Global warming deniers have further evidence to deny, as a freshly published study found that the ice sheet covering over 80 per cent of Greenland is now melting more rapidly than expected since at least 2003.
The ice sheet covering the surface of Greenland is the second largest in the world after Antartica’s. Scientists have known for decades that the country’s ice sheet has been melting, but the speed at which the phenomenon has been occurring of late is rather alarming.
In 2012 scientists noticed that for the first time since 1889, 97 per cent of the ice sheet covering Greenland was experiencing melting phenomena after a series of unusually hot days in the middle of July.
Except for July 2012, ice loss on the Island has been detected mostly in the southwestern part, in a region called the Jakobshavn, and in the northwest. This may be changing soon, as scientists have found unassailable evidence that the ice loss is now affecting portions of the country than had been immune so far.
The latest study on Greenland, published on the magazine Natural Climate Change, found that for the first time the ice sheet has been thinning also in the northeast region of the country that has been stable for the last 25 years.
According to Michael Bevis, a co-author of the study and professor of earth sciences at the University of Ohio, the speed of the ice thinning in the northeastern region surprised everyone.

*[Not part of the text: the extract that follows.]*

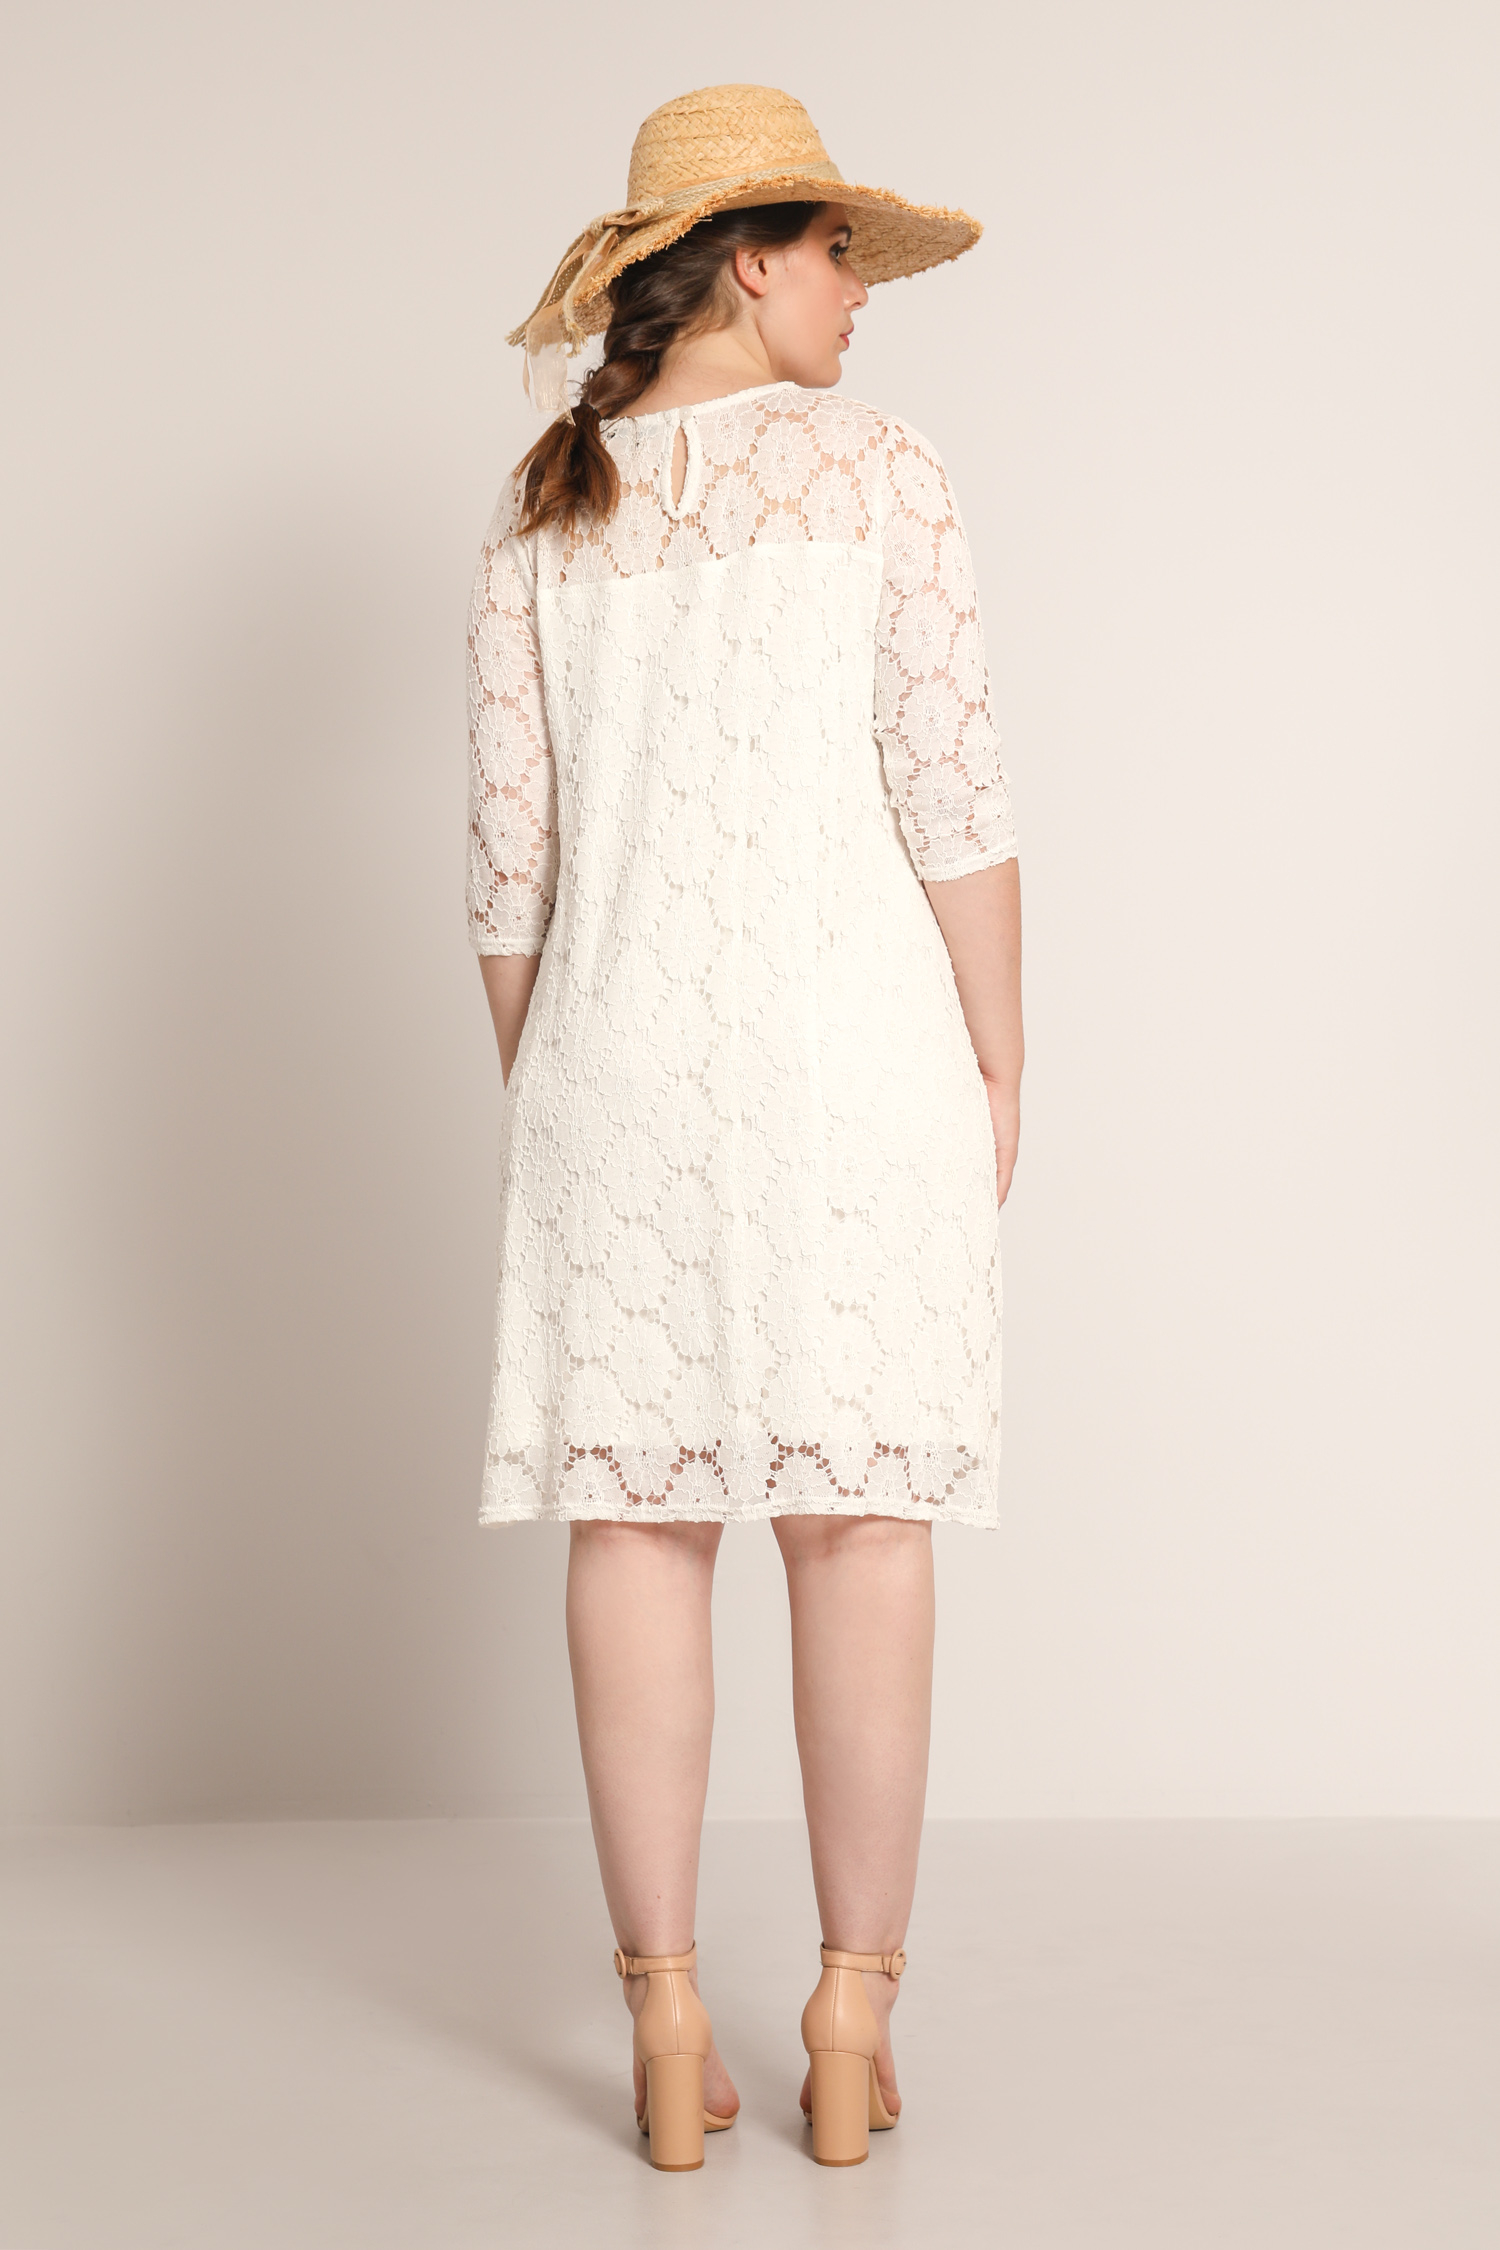 Straight lined lace dress

Ice sheet melting in the northeastern region of Greenland has been happening more rapidly speed since 2003, when a series of warmer than expected summers started to melt a bigger than usual amount of ice, producing water that funneled down, creating crevasses and cracks in the ice. Such cracks can widen as more water flows through them and eventually undermine the stability of the glaciers and causing big chunks of ice to fall into the water.
Scientists participating in the study estimated that between April 2002 and April 2012, the largest glacier northeast region, the Zachariae, lost 10 billion tons of ice per year, retreating 12.4 miles. In comparison, the Jakobshavn glacier, one of the fastest-moving ice streams in the southwest, retreated 21.7 miles in 150 years.
Kurt Kjaer, another scientist who took part in the study, said that the surprising melting of the northeastern part of Greenland’s ice sheet will have to be put into perspective and compared with past data. However, in his opinion the comparisons are likely to show that the mass of ice lost over the past decade is “something out of the ordinary.”
Experts are particularly worried about the consequences that the melt of the northeastern ice stream can have on the rest of Greenland, since it stretches some 370 into the interior of the country and could therefore change the entire mass balance of the ice sheet.
The ice sheet melting in the northeastern region of Greenland is the latest bad news coming from the advancing global warming and, according to scientists, may soon result in sea levels rising more rapidly than previously expected.